Rupert was on me in a moment. “What are you doing?” he yelped, snatching the book from my hand.
“Nothing,” I managed, “I was merely—”
“Isn’t it enough my room has been vandalized by a stranger? Must I endure your invasion of my privacy as well?” he fumed, placing the book in the drawer of his writing desk and turning to find us all staring at him.
Father broke the silence at last. “Rupert is right,” he said. “We should avoid disturbing the room further until it has been thoroughly examined.” He motioned us all toward the door, dispatching David’s friends to fetch a constable.
“Let’s speak no more of this tonight,” he said, clapping a hand on David’s shoulder. “We’ve precious few hours left with our young captain. We’ll go down to the drawing room and collect Mother and Lord Showalter and salvage what we can of this evening.”
“You’ll want to have a look at my room before that, I think,” I said coolly.

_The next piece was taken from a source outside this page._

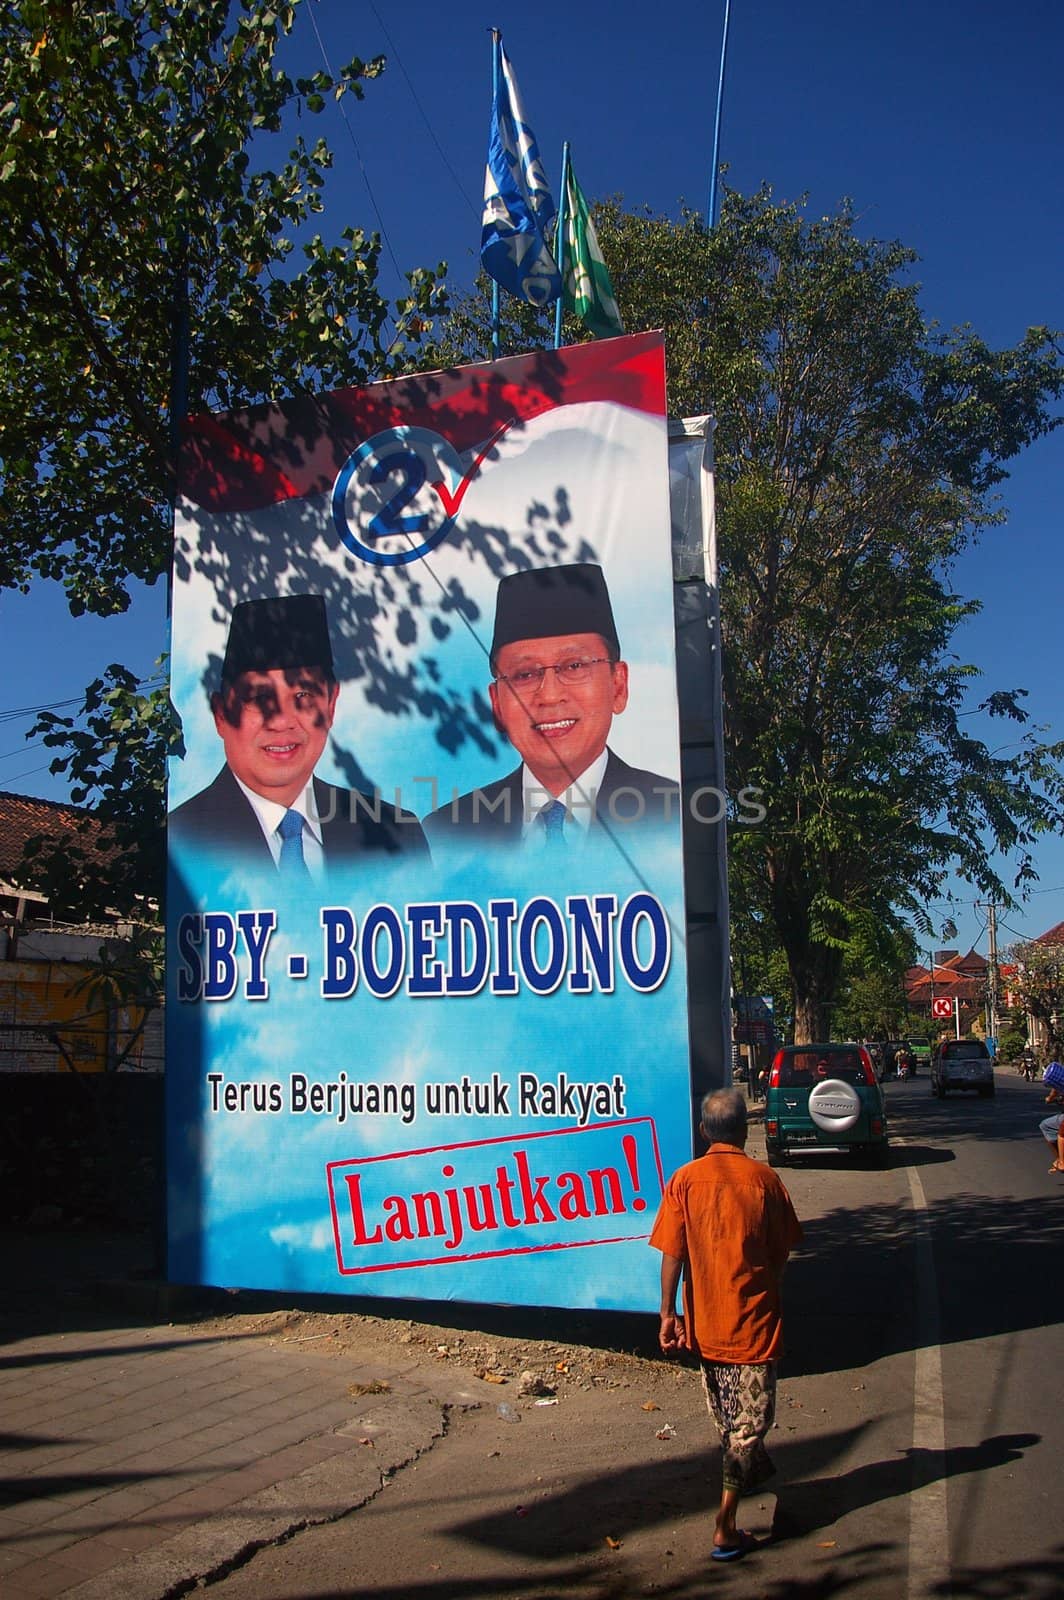 A large billboard of the incumbent President of Indonesia and his running mate, on election day. Denpasar, Bali, Indonesia. July 8, 2009.
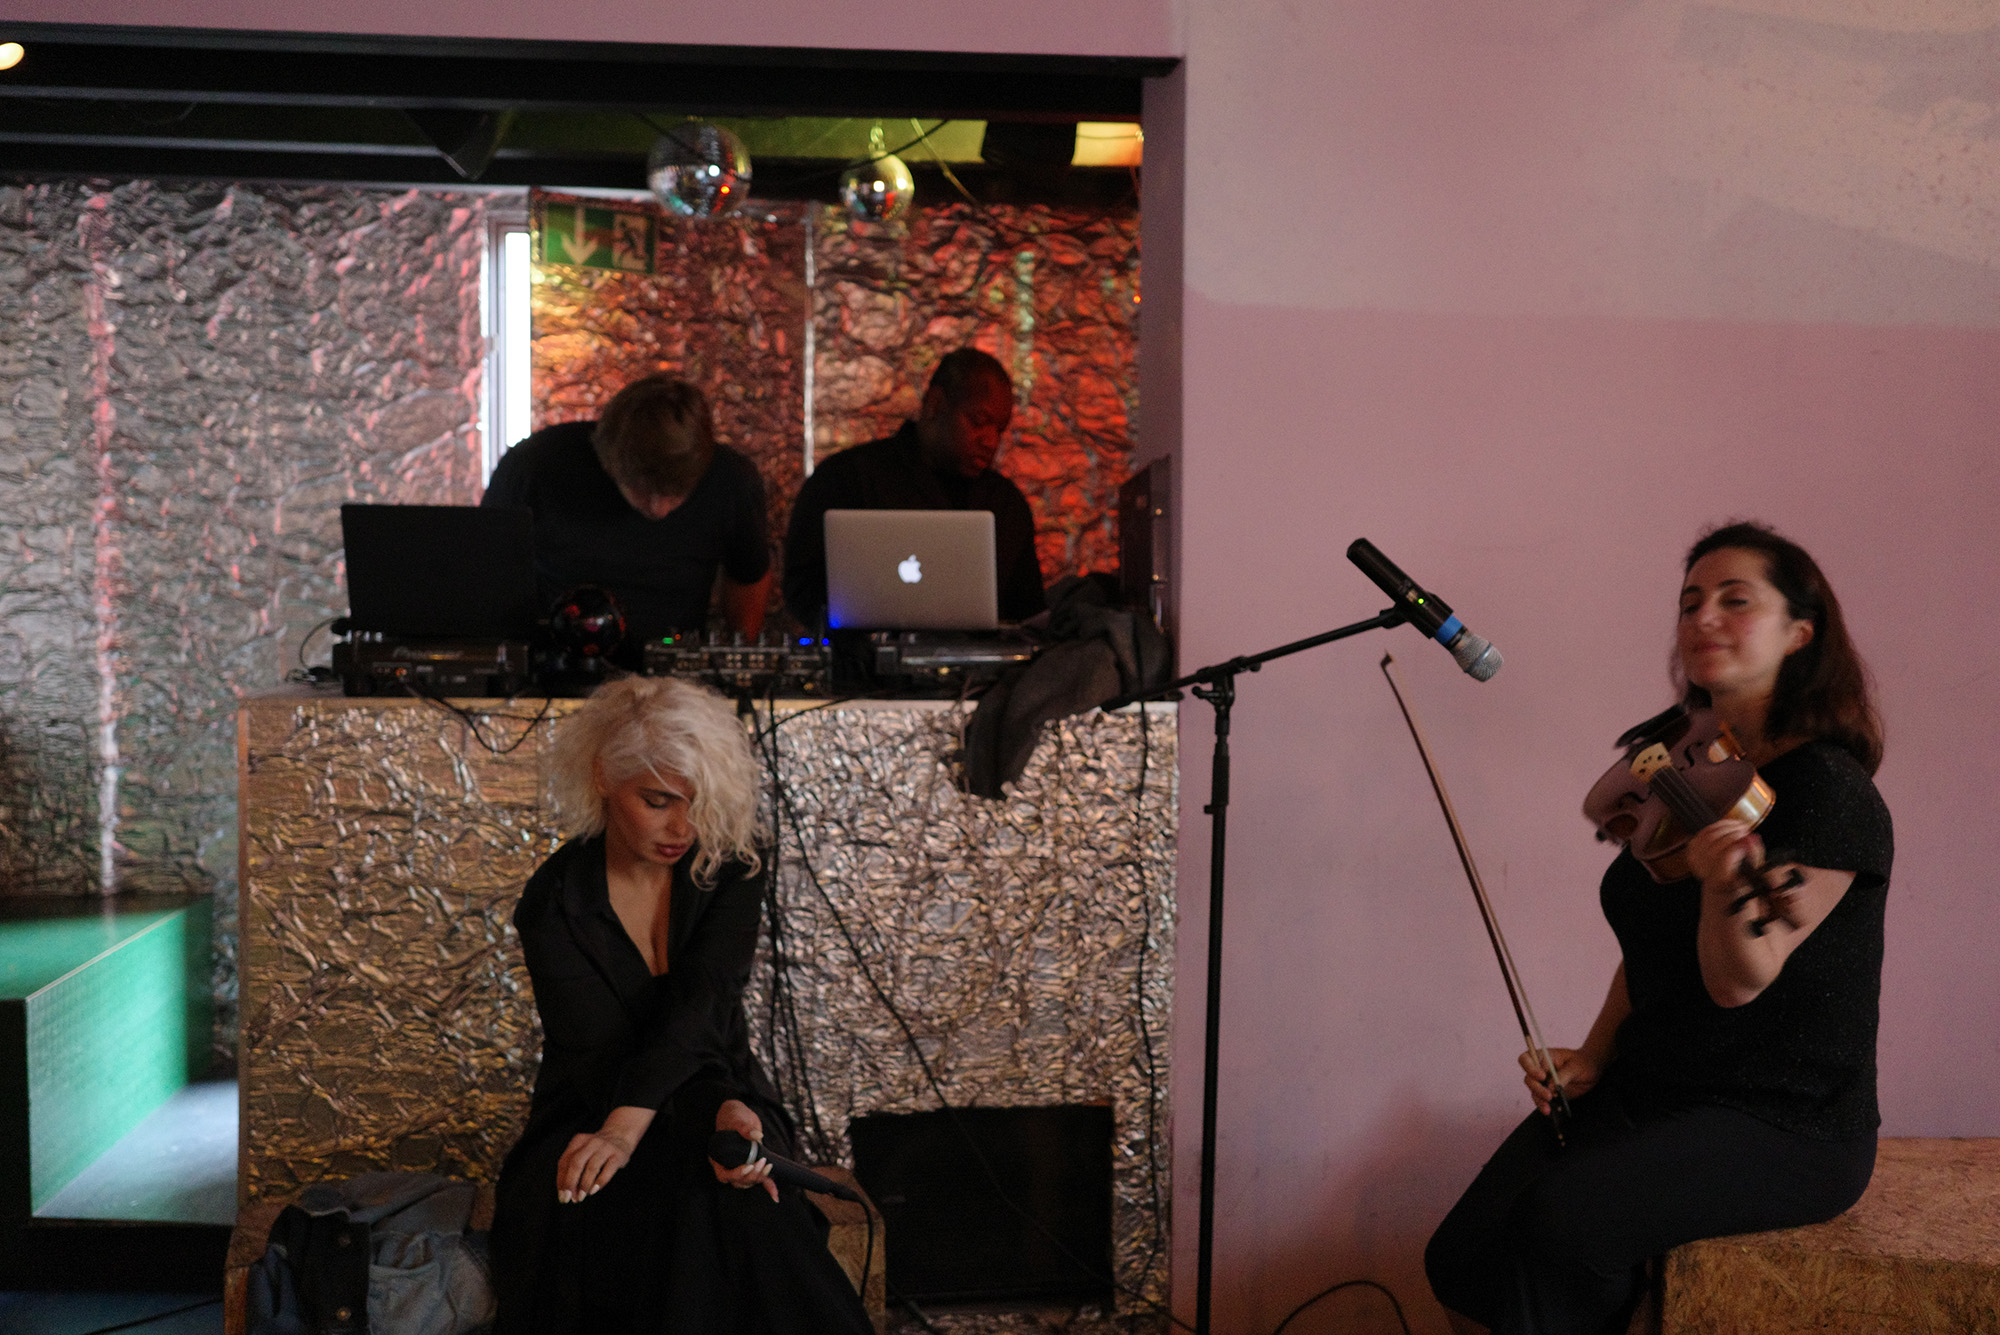 Photo: A small studio scene with a individual sitting by a mic on the right hand side. In the center, another individual with a funky haircut sits in front of another microphone.

Father turned to me. “Your room?”
“Rupert’s wasn’t the only one disturbed,” I said, leading them up the hall.
Father hurried past me.
“I tried to tell you,” I said as I pointed toward my open door. Father and the others looked in.
After a long moment, Father reached for me. “Agnes, come here,” he ordered. I let him fold me into his arms.
“Forgive me for being so curt with you before,” he said. “I didn’t realize—”
“It’s all right, Father,” I said evenly.
“You are an unusual girl, Agnes,” he said, holding me at arm’s length. “Sometimes even I manage to forget that.”